CO2 laser-induced pulsating regression behavior of GAP at sub-atmospheric pressures

• Published in: Combustion and flame Vol. 124; no. 4; pp. 611 - 623
• Main Authors: SAITO, Takeo, SHIMODA, Masataka, TSUYUKI, Tsuyoshi, IWAMA, Akira
• Format: Journal Article
• Language: English
• Published: New York, NY Elsevier Science 01.03.2001
• Subjects: Applied sciences; Combustion. Flame; Energy; Energy. Thermal use of fuels; Exact sciences and technology; Miscellaneous; Theoretical studies. Data and constants. Metering; Temperature measurement; Pyrolysis; Cyclic ether polymer; laser; Thermal decomposition; Solid propellant; Combustion; Laser irradiation; CO
• ISSN: 0010-2180; 1556-2921
• DOI: 10.1016/S0010-2180(00)00233-9

Linear pyrolysis of glycidyl azide polymer (GAP) by CO2 laser heating was studied experimentally in argon, nitrogen, or oxygen at subatmospheric pressures with laser heat fluxes of 1 to 20 W/sq cm.
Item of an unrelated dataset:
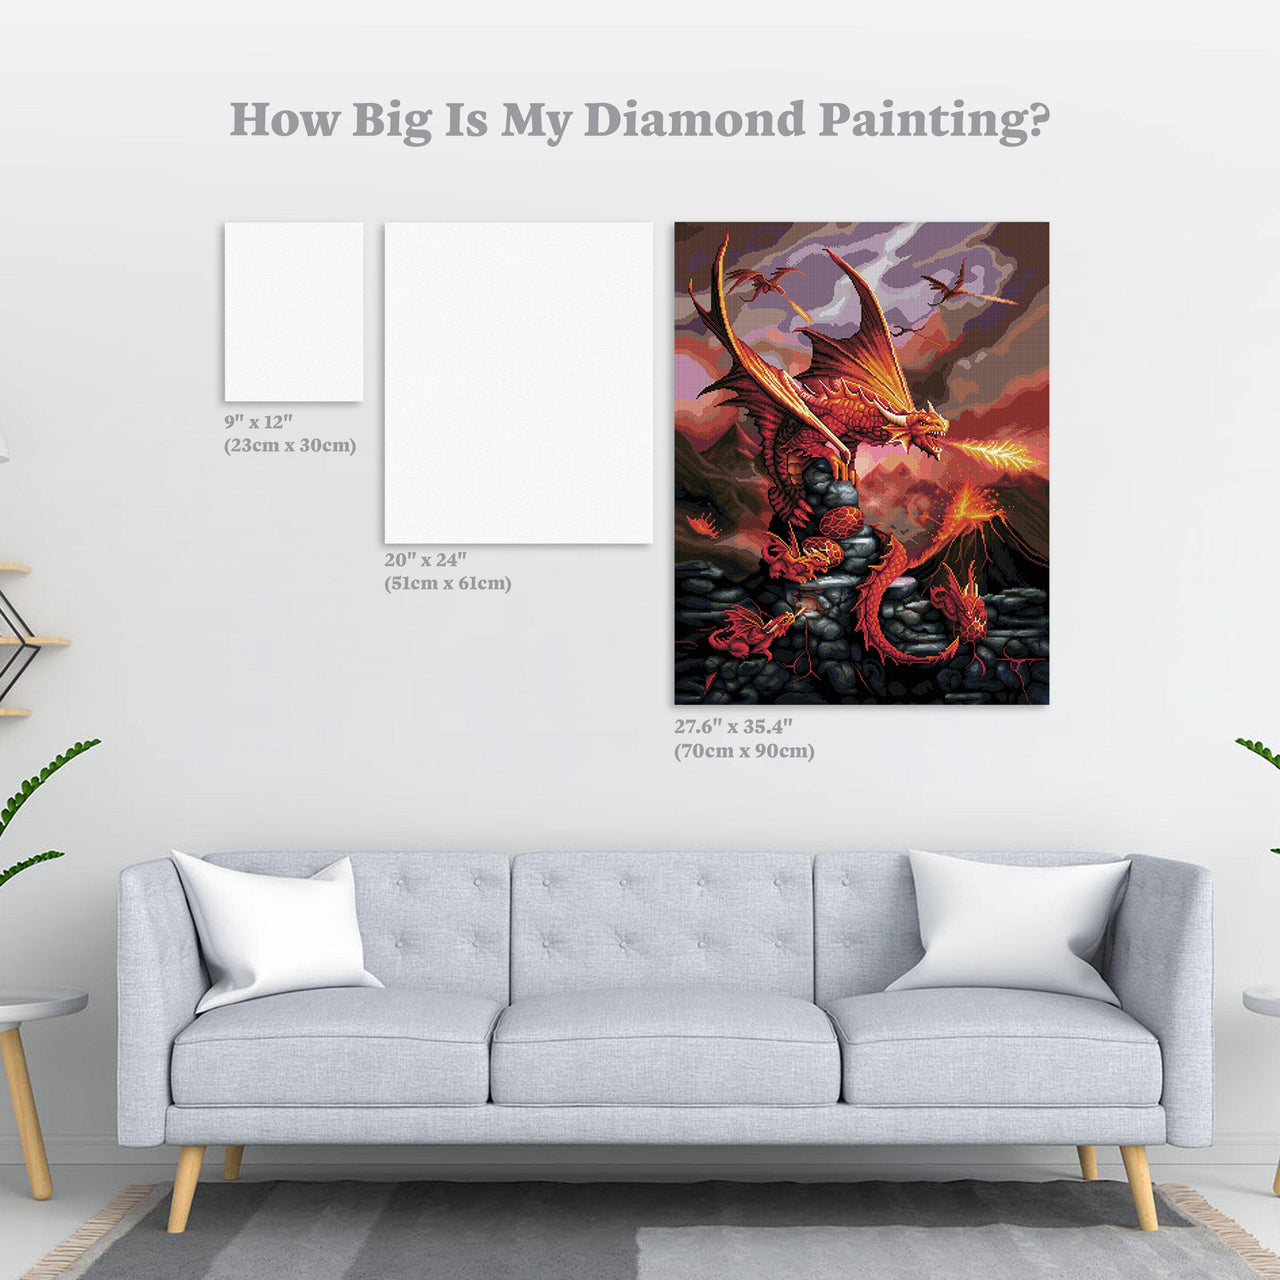 Diamond Painting Fire Dragon 27.6" x 35.4" (70cm x 90cm) / Square with 57 Colors and 5 ABs / 98,889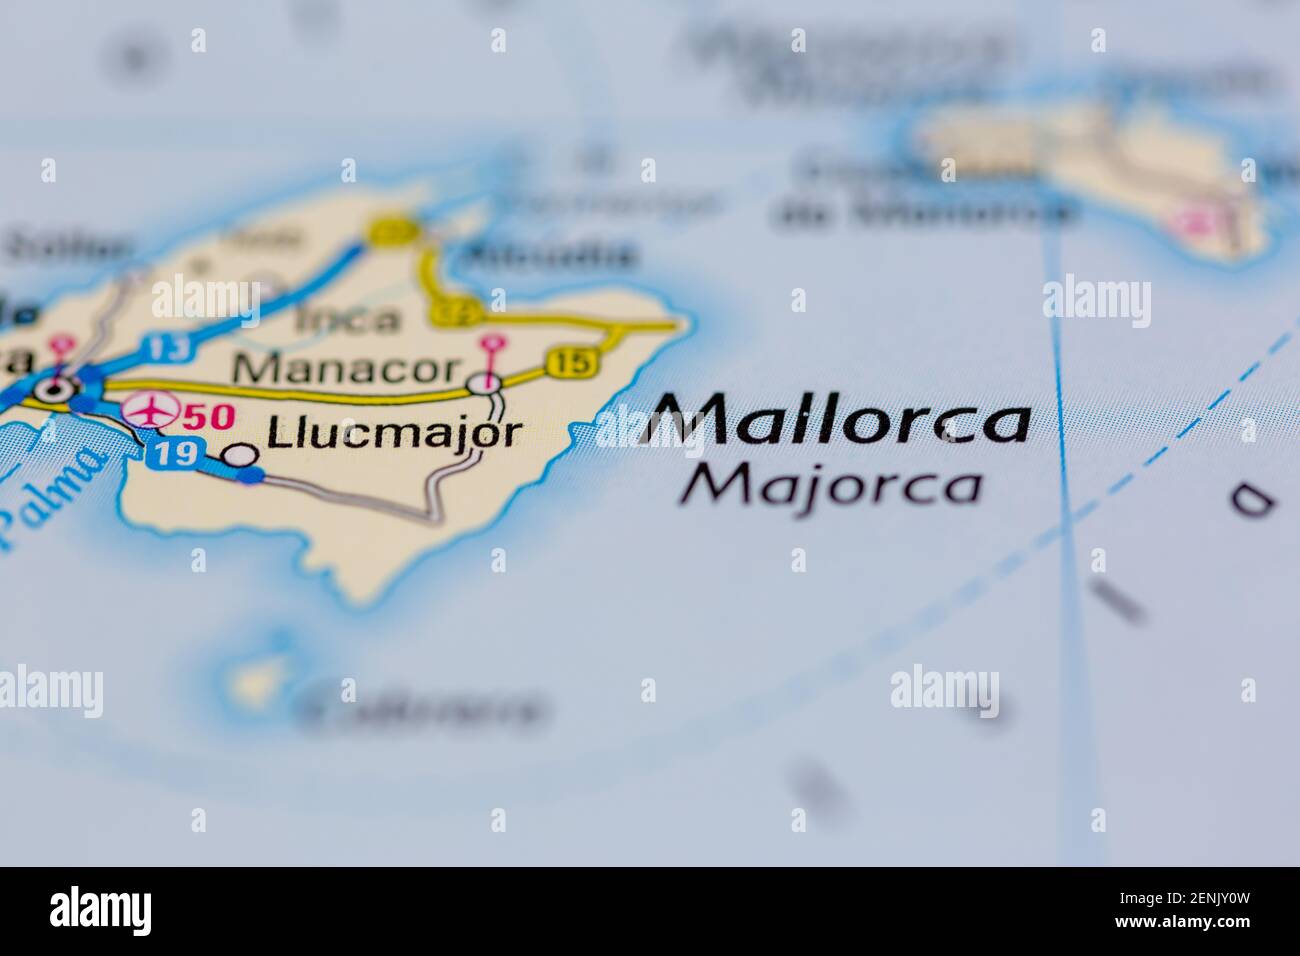 Majorca or Mallorca shown on a Road map or a geography map Stock Photo

Surface temperature variations were measured by fine chromel-alumel thermocouples pressed onto the sample surface, and pulsating regression caused by an abrupt exothermic decomposition was observed. The behavior is very similar to the chuffing phenomenon. The momentary exothermic decomposition reaction was accompanied by the evolution of N2 resulting mainly from breaking of the azide bond. The surface temperature in one cycle is characterized by three critical temperatures: liquefying, abrupt thermal decomposition threshold, and maximum surface temperatures. Maximum surface temperatures are 700 to 800 K, which are equivalent to the surface temperature observed during self-sustained combustion controlled chiefly by exothermic reaction at the decomposition surface. As the surface heat flux increases, the period of the pulsating regression decreases, being only slightly dependent on the ambient gas. If the period becomes shorter than the characteristic time of GAP, then the pulsating regression will transition into steady regression assisted by laser irradiation. (Author)